▶ _Your task_
Working from the records below, repeat exactly the lines starting at the line that contains "Ole Lynggaard Pave" and ending at the line that contains "Italian Vintage Brass", inclusive.

▶ _Records for the task_
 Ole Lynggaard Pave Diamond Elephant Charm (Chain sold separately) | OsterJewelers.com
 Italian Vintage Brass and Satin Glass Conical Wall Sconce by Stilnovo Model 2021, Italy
==
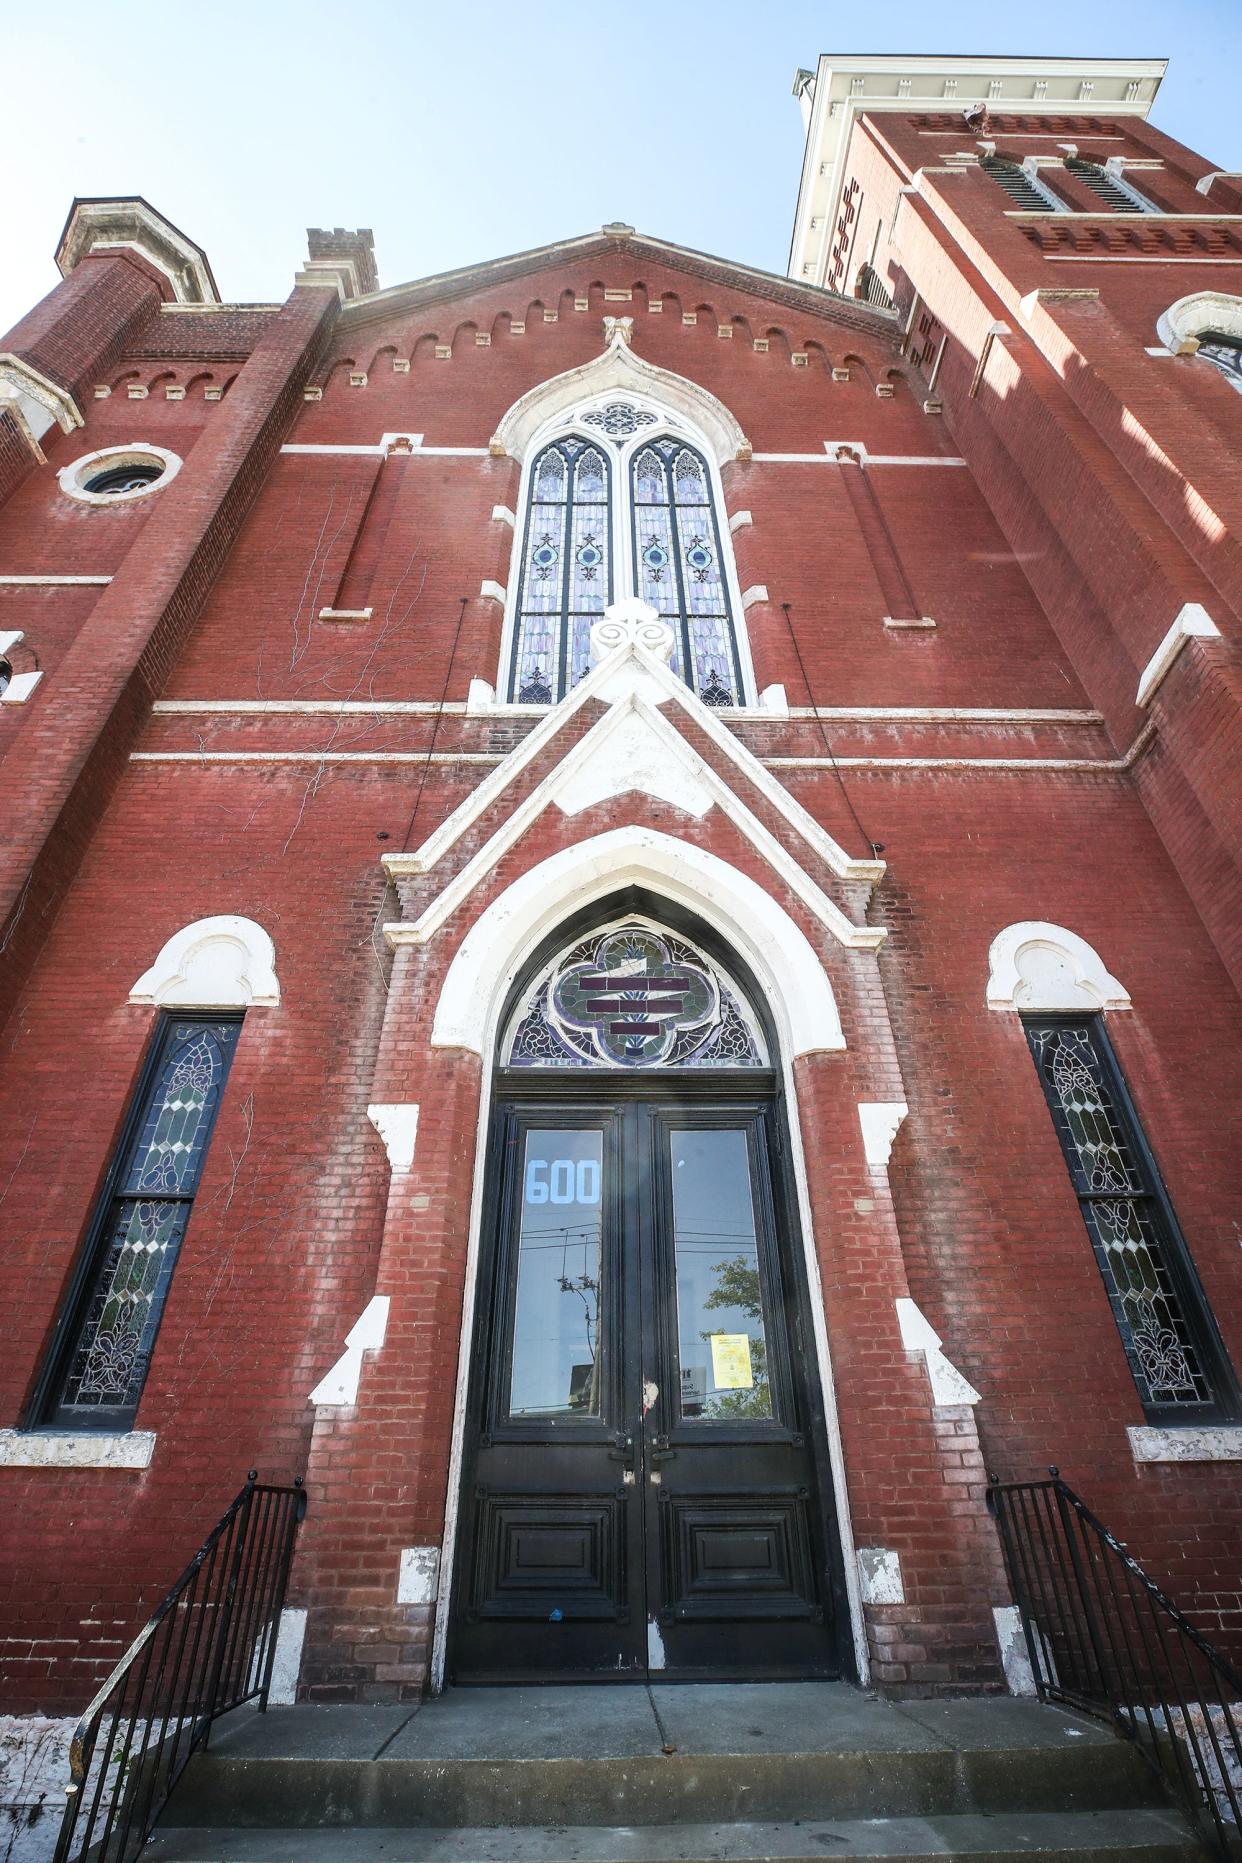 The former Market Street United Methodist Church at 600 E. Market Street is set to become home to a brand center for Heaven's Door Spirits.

▶ _Your response_
 Ole Lynggaard Pave Diamond Elephant Charm (Chain sold separately) | OsterJewelers.com
 Italian Vintage Brass and Satin Glass Conical Wall Sconce by Stilnovo Model 2021, Italy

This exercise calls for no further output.